Hyperparameter optimization was performed using 5-fold cross-validation on the training set with grid search.²⁷ Key hyperparameters for RF included the number of decision trees (ntree) ranging from 50 to 500 with a step of 50 and the number of features selected for each split (mtry) ranging from 3 to 10 with a step of 1. Key hyperparameters for XGBoost included learning rate ranging from 0.01 to 0.3 with a step of 0.01, maximum depth of trees ranging from 3 to 10 with a step of 1, and number of estimators ranging from 50 to 500 with a step of 50. The optimal hyperparameters were determined based on the highest AUC value in cross-validation.

Predictive Model Evaluation

Model performance was evaluated using multiple metrics. Area under the receiver operating characteristic curve (AUC) reflects the overall discriminatory ability of the model, with AUC > 0.8 indicating good performance. Accuracy is the proportion of correctly predicted cases among all cases. Sensitivity (recall) is the proportion of true RPL cases correctly identified by the model. Specificity is the proportion of true non-RPL cases correctly identified by the model. Positive predictive value (PPV) is the proportion of predicted RPL cases that are true RPL cases. Negative predictive value (NPV) is the proportion of predicted non-RPL cases that are true non-RPL cases.

ROC curves were plotted for each model in the training and validation sets, and the DeLong test was used to compare AUC values between different models.

Statistical Methods

All statistical analyses and ML model construction were performed using R software. Continuous variables with normal distribution were presented as mean ± standard deviation (SD), and comparisons between the RPL and non-RPL groups were performed using independent samples t-tests.

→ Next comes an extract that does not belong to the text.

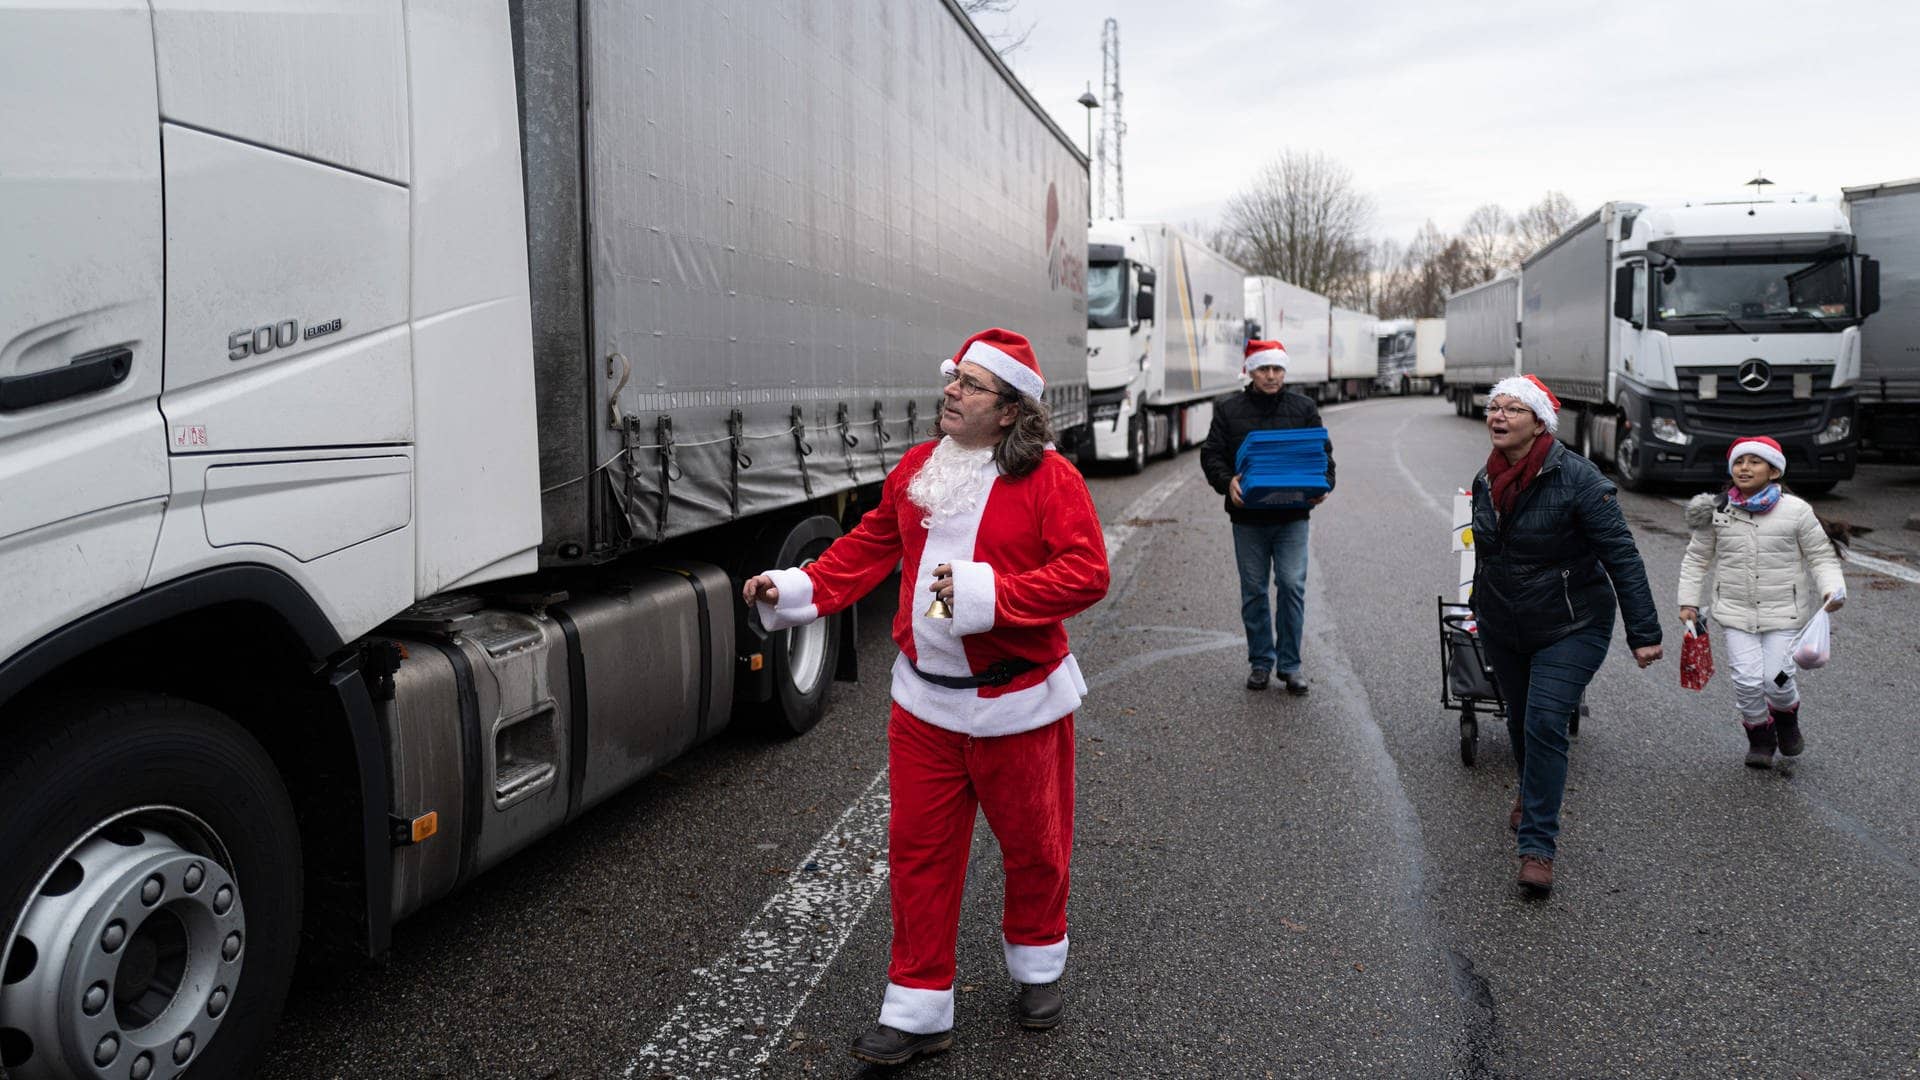 Juan Pedro Garcia Rosales in Weihnachtsmannkostüm und seine Helfer laufen mit Geschenken zu einem Lkw.

Categorical variables were presented as frequencies, and comparisons between groups were performed using the chi-square test or Fisher’s exact test when the expected frequency < 5. A two-tailed p value < 0.05 was considered statistically significant.

Results

Baseline Characteristics of the Study Population

As shown in Table 1, a total of 340 participants were included in the final analysis, of whom 85 (25.0%) were diagnosed with recurrent pregnancy loss (RPL, RPL group) and 255 (75.0%) were non-RPL cases (non-RPL group). The median age of the RPL group was significantly higher than that of the non-RPL group [33.0 (30.0–36.0) years vs 30.0 (27.0–33.0) years, p < 0.001]. Additionally, the RPL group exhibited a significantly greater median number of previous miscarriages [2 (1–3) vs 1 (0–1), p < 0.001] and a higher prevalence of thyroid disease (23.5% vs 6.2%, p < 0.001) compared with the non-RPL group. No statistically significant differences were noted between the two groups in terms of body mass index (BMI), gravidity, parity, smoking status, alcohol consumption, or history of polycystic ovary syndrome (PCOS) (all p > 0.05). Collectively, these results suggest that advanced age, an increased number of prior miscarriages, and a history of thyroid disease are associated with RPL in this study cohort. In contrast, common metabolic factors (eg, BMI) and lifestyle-related variables (eg, smoking, alcohol consumption) did not differ significantly between women with and without RPL.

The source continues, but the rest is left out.